Pois bem, voltando ao decreto governamental, aquele que deu amplos poderes ao Seu Zezinho, da SEPLAN, resta-nos claro que os próprios autores da “façanha” acharam aquilo um excesso. A justificativa de ele perdera parte de seu objeto parece-nos inverossímil. Se assim fosse, teriam feito constar que o mesmo se aplicaria aquele exercício (2018).
O que nos parece mais factível é que o governo, sabendo contar com simpatia de parte da magistratura, que através de sua representação, não apenas deixou de protestar contra o esbulho de suas prerrogativas, como até, pasmem, mais uma vez, “endossou” o decreto, partiu para outra estratégia.

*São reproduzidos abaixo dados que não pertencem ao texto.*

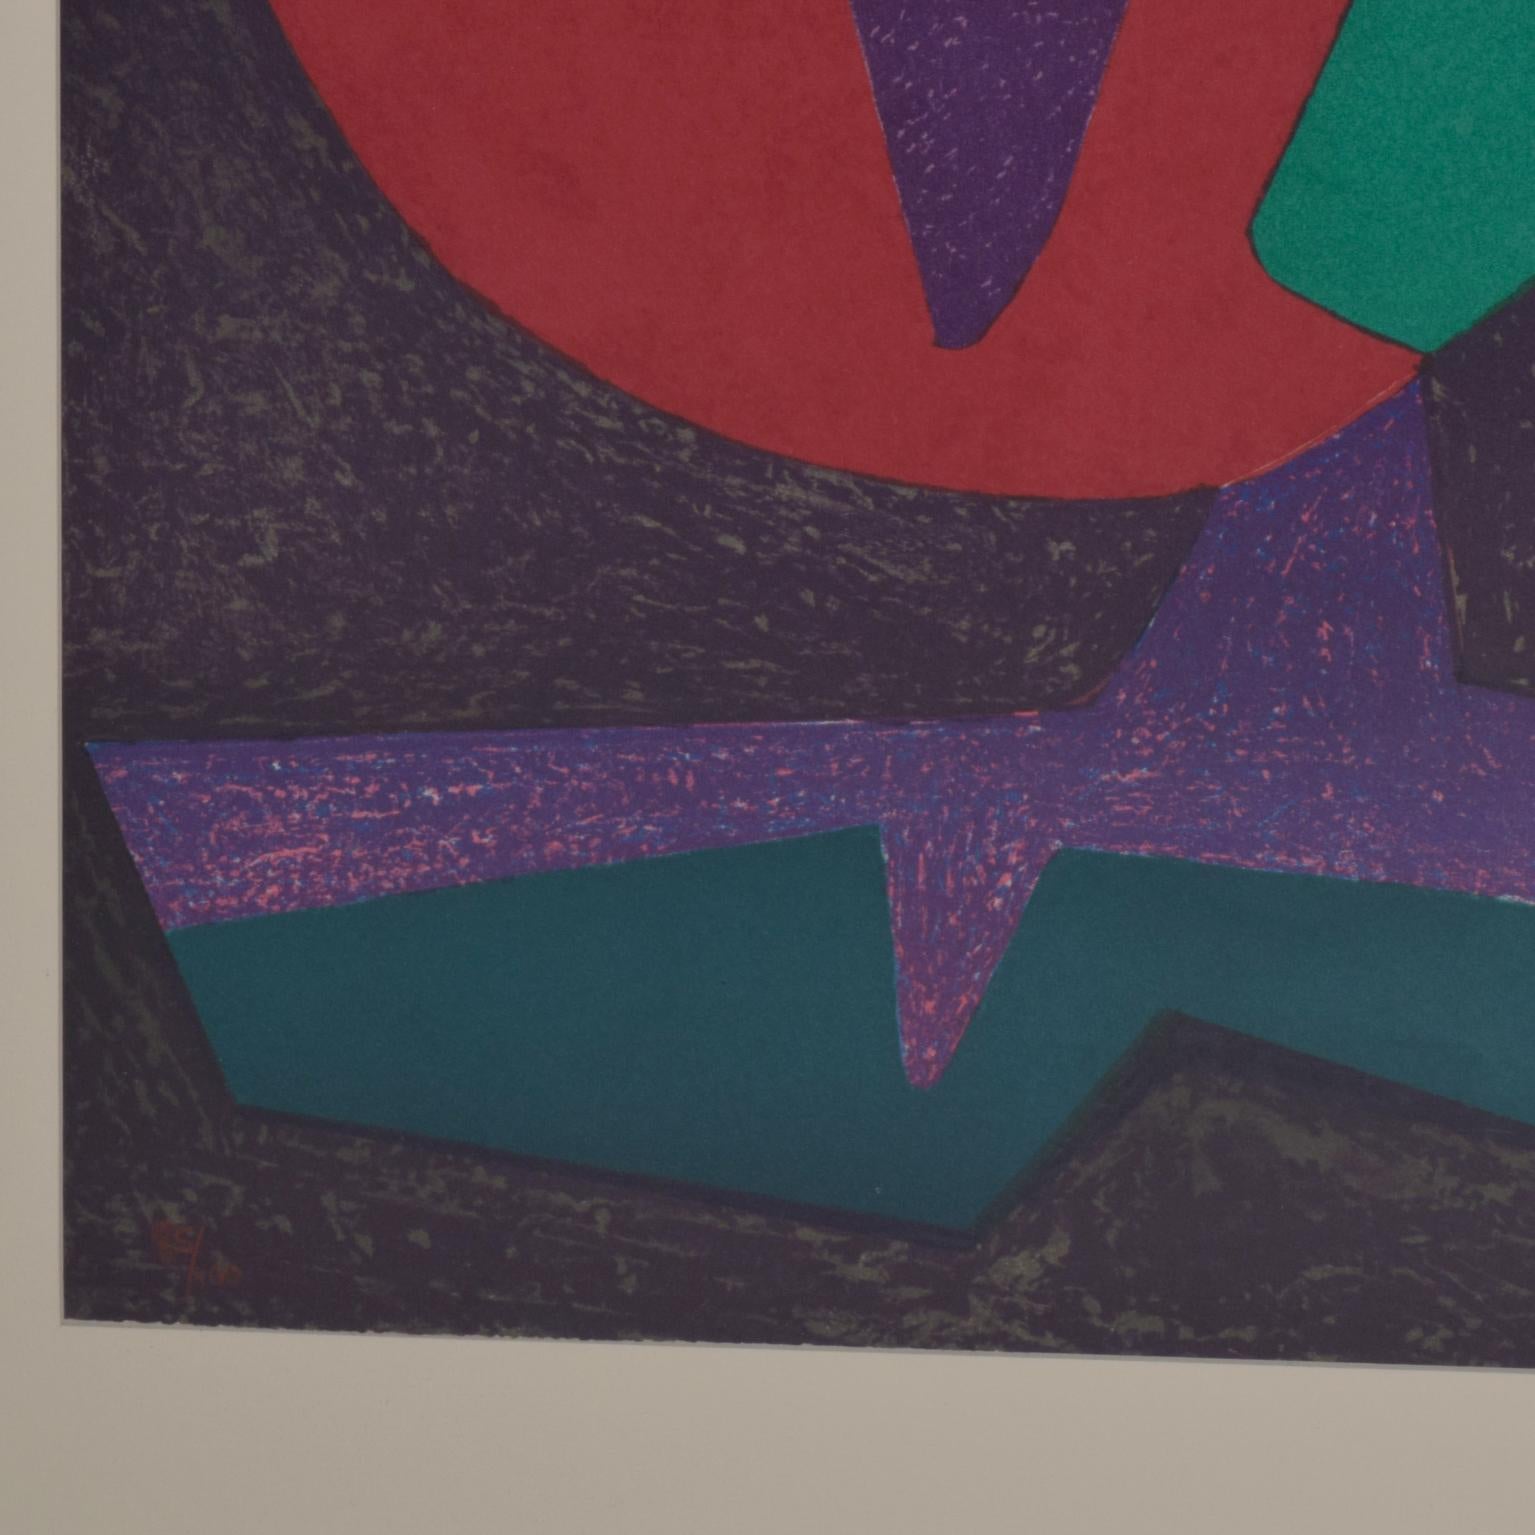 1980s Pedro Coronel Abstract Purple Dove Lithograph
signed numbered
29.5 x 42 H x 1.25 D, Art 21 x 29.5
Original unrestored vintage condition.
See images provided.

Qualquer um é capaz de entender que a razão de ser do decreto era a “enxurrada” de ordens para a implantação dos 21,7% nos salários dos servidores – muitos já estão com esse direito assegurado há alguns anos faltando apenas a implantação –, o que poderia, em tese, causar desequilíbrio nas contas públicas, sobretudo, quando os gestores pouco fizeram para elevar o estado a um outro patamar de desenvolvimento.
Apesar da incorporação dos 21,7%, ser um assunto que na última década “subiu e desceu” todas as escadas das instâncias judiciárias nacionais – tendo o estado perdido todas as vezes –, os autores do “decreto da desobediência as decisões judiciais”, acharam muito mais fácil revogar o decreto e conseguir uma decisão favorável na … justiça.
E isso foi feito, ao menos temporariamente, com êxito.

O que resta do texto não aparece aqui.